Laing meets fellow tenants Charlotte Melville, a secretary who lives one floor above him, and Richard Wilder, a documentary film-maker who lives with his family on the building's lower floors. Life in the high-rise begins to degenerate quickly, as minor power failures and petty grievances among neighbours and between rival floors escalate into an orgy of violence. Skirmishes become frequent throughout the building as whole floors of tenants try to claim lifts and hold them for their own. Groups gather to defend their rights to the swimming pools, and party-goers attack "enemy floors" to raid and vandalise them. The lower, middle, and upper floors of the building gradually stratify into distinct groups.

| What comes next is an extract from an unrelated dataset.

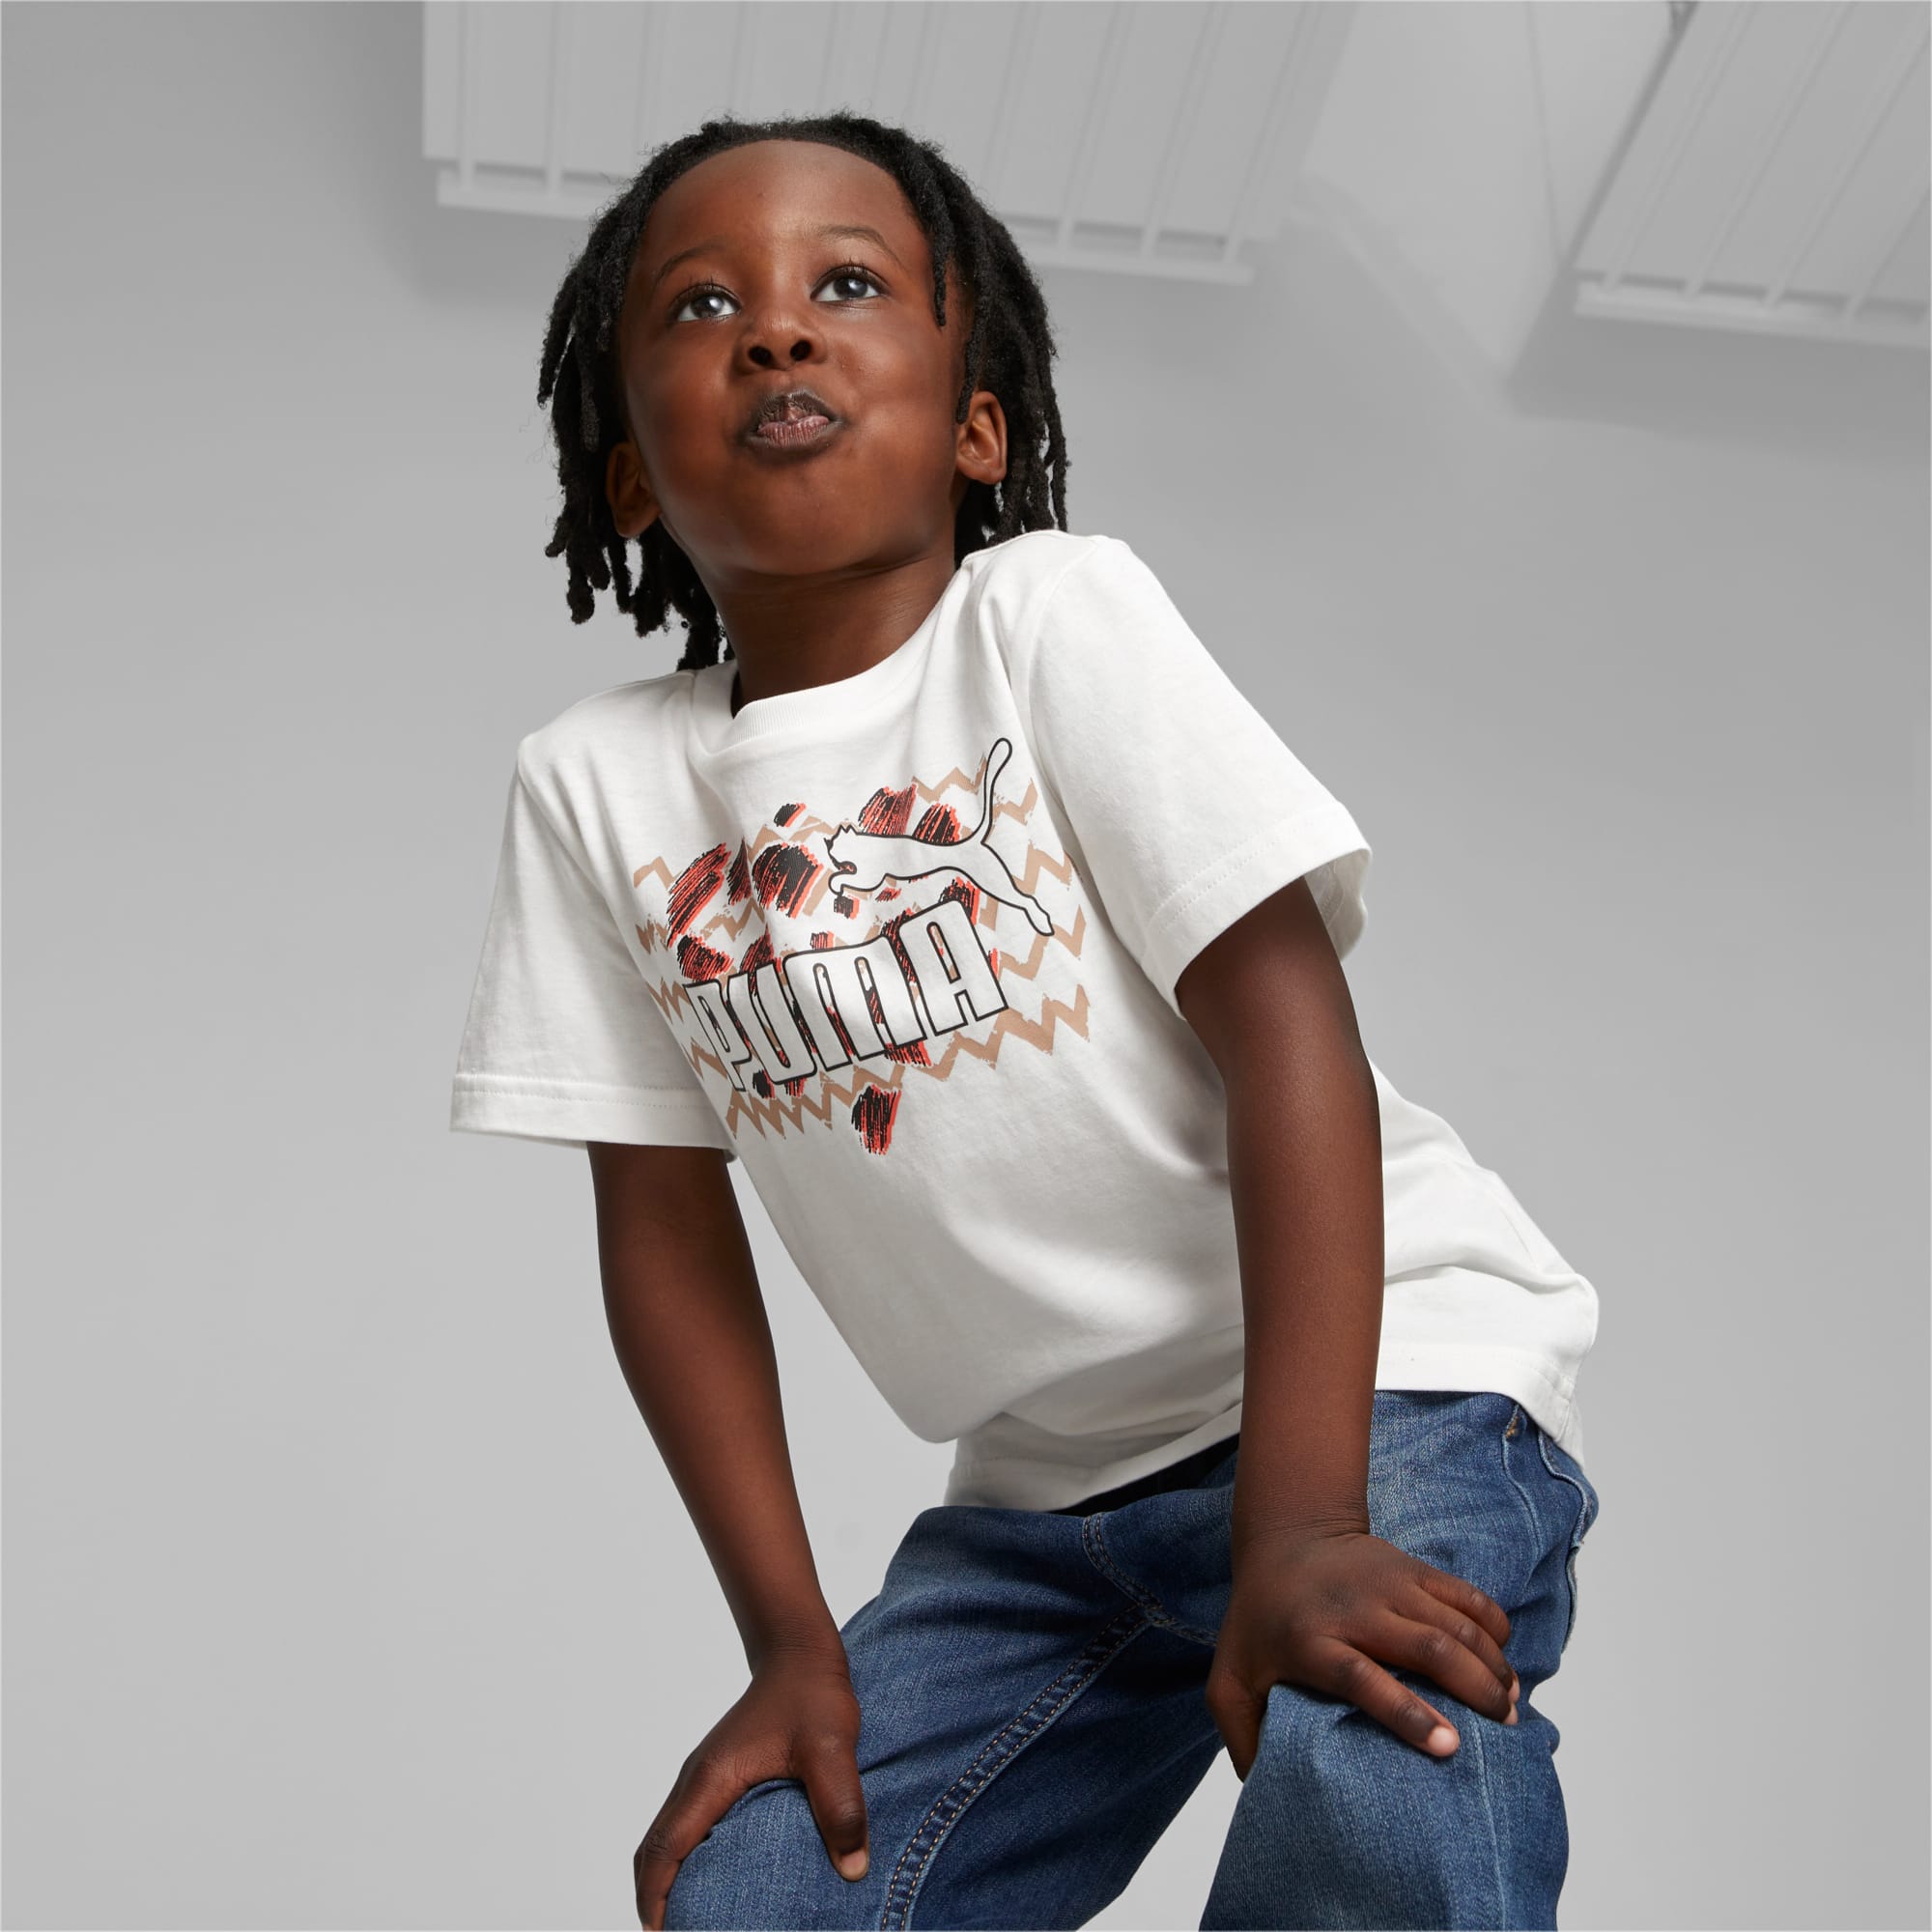 PUMA Essentials Mix Match Kids' T-Shirt, White, Size 92, Clothing

It does not take long for the occupants to ignore social restraints, abandoning life outside the building and devoting their time to the escalation of violence inside; people quit their jobs, and families stay indoors permanently, losing all sense of time. As the amenities of the high-rise break down and bodies begin to pile up, no one considers leaving or alerting the authorities, instead exploring the newly-found urges and desires engendered by the building's disintegration. As Laing navigates the new environment, Wilder sets out to reach floor 40—the top of the building—and finally confront the building's architect, Anthony Royal.

==Legacy==
High-Rise was known to be among Joy Division singer Ian Curtis's favourite books. The book has been cited as an influence upon the 1987 Doctor Who serial Paradise Towers. Hawkwind used the book as the basis for a song of the same name on their 1979 album PXR5.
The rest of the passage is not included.